▸ **DATASET EXCERPT**:
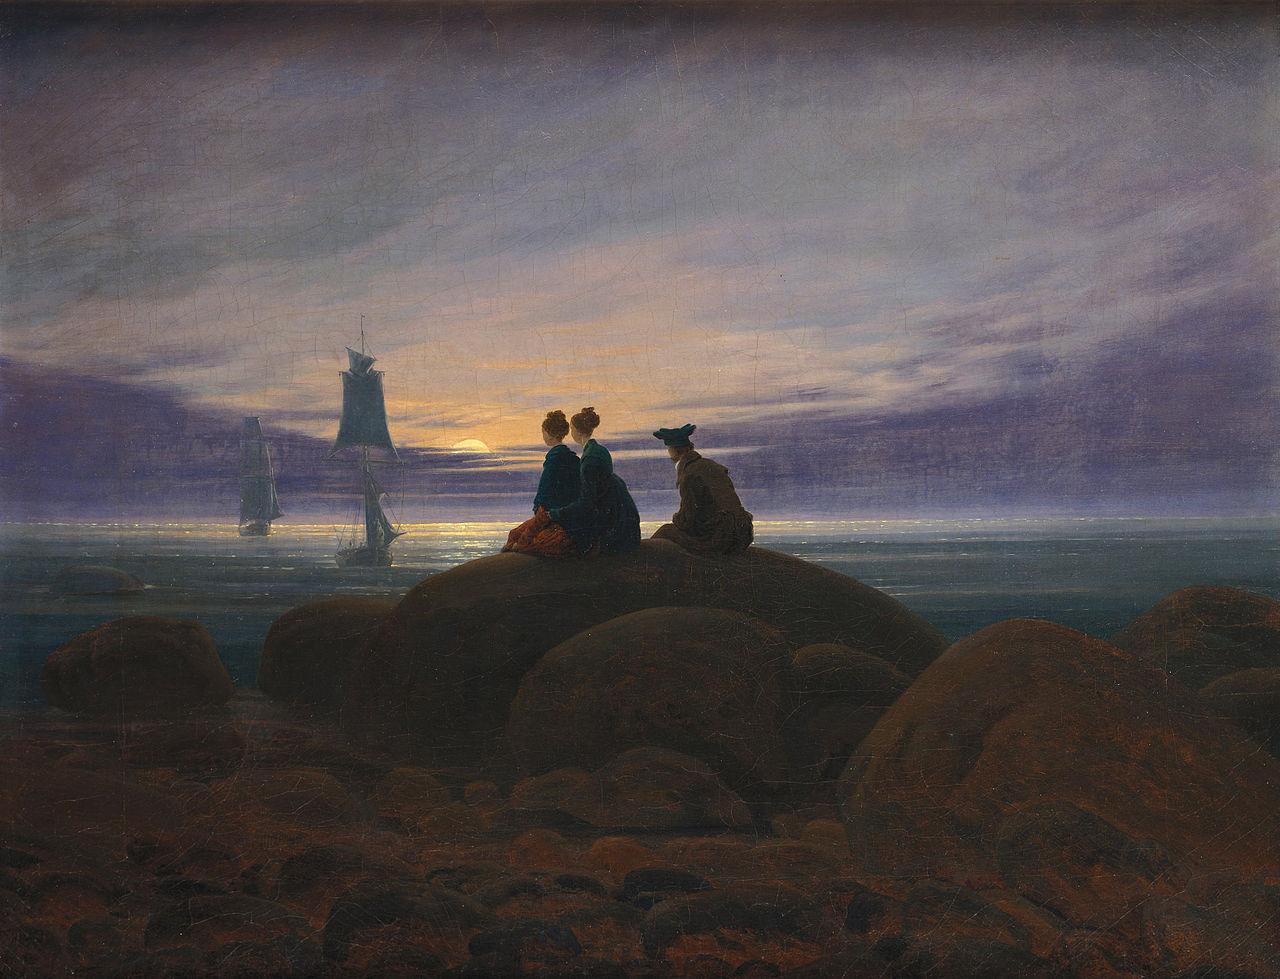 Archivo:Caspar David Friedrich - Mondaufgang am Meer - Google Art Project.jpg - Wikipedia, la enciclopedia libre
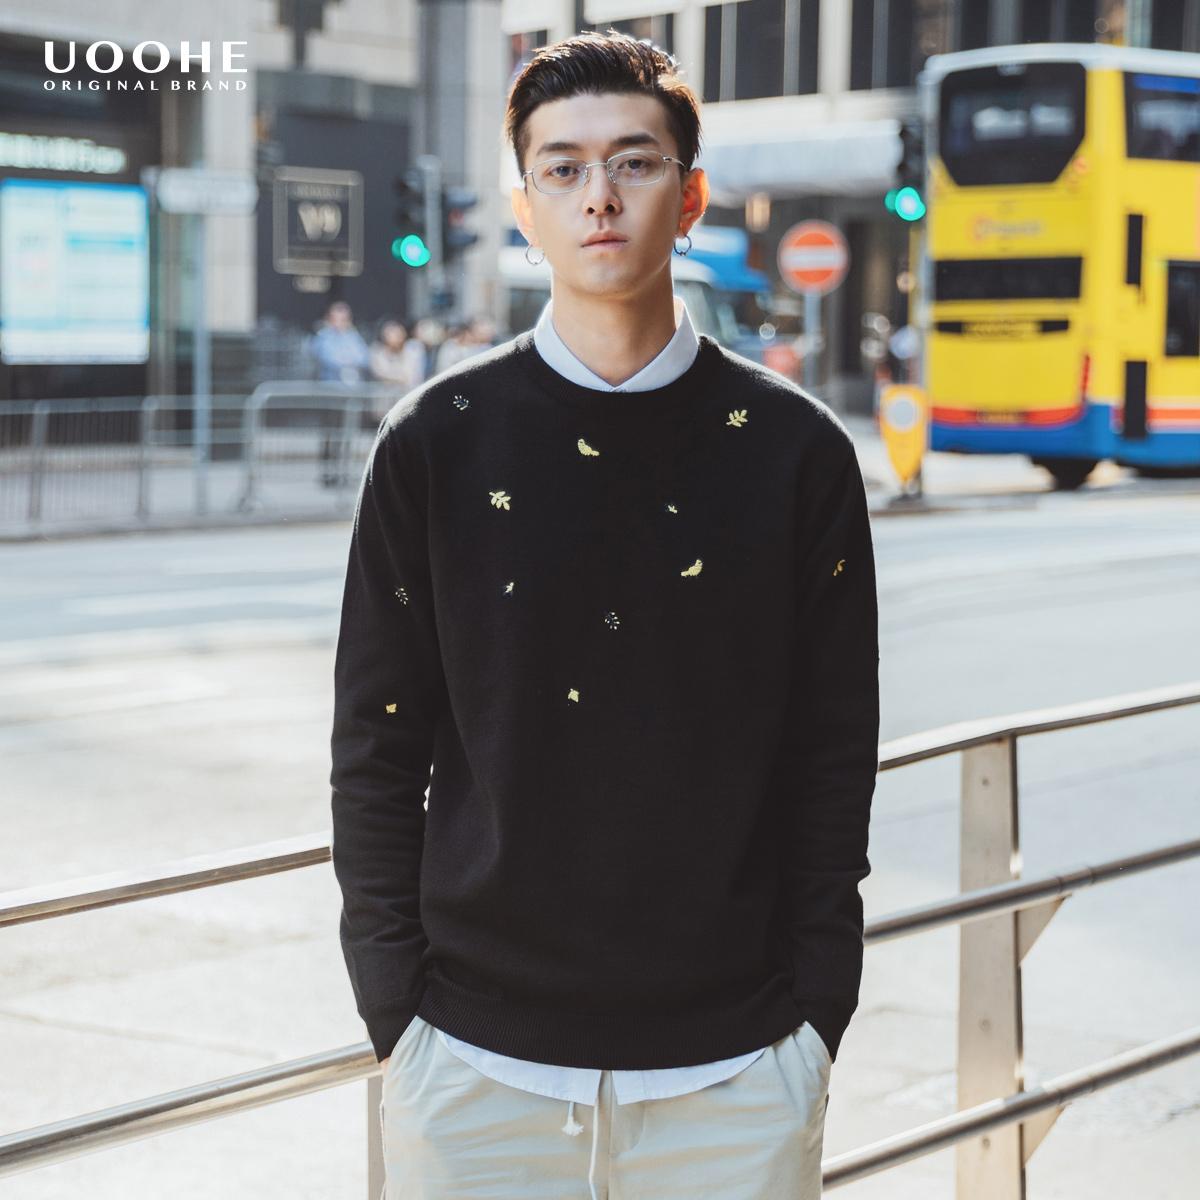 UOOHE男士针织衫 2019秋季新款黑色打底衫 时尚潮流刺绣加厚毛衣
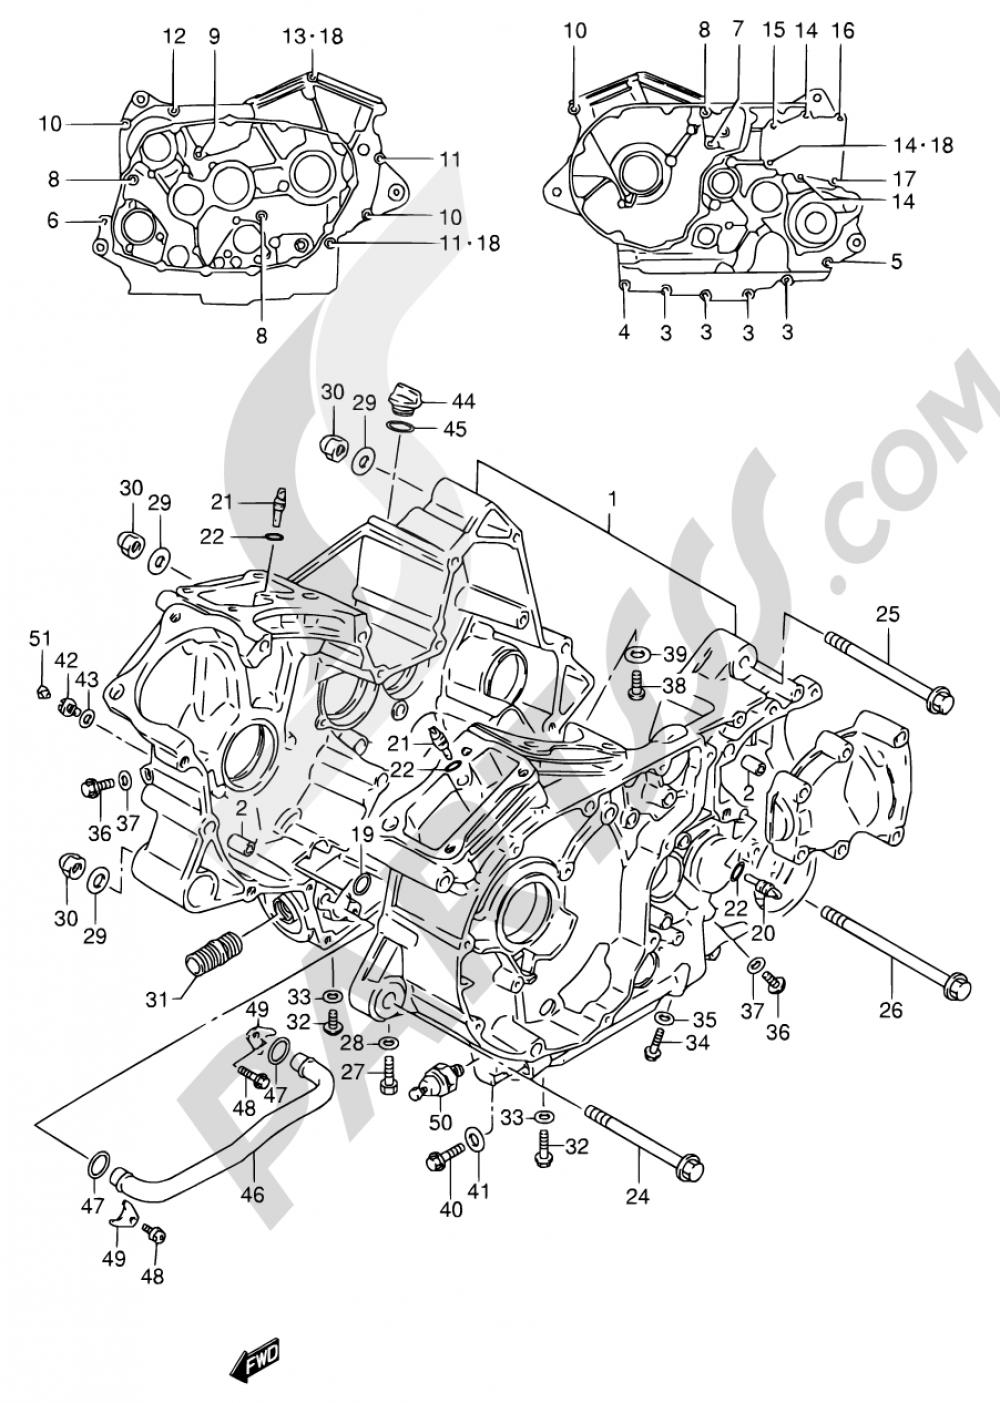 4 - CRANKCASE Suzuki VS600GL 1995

▸ **TASK DETAILS**:
The answer is the full listing above, repeated exactly, with its pictures removed.

▸ **REPLY**:
 Archivo:Caspar David Friedrich - Mondaufgang am Meer - Google Art Project.jpg - Wikipedia, la enciclopedia libre
 UOOHE男士针织衫 2019秋季新款黑色打底衫 时尚潮流刺绣加厚毛衣
 4 - CRANKCASE Suzuki VS600GL 1995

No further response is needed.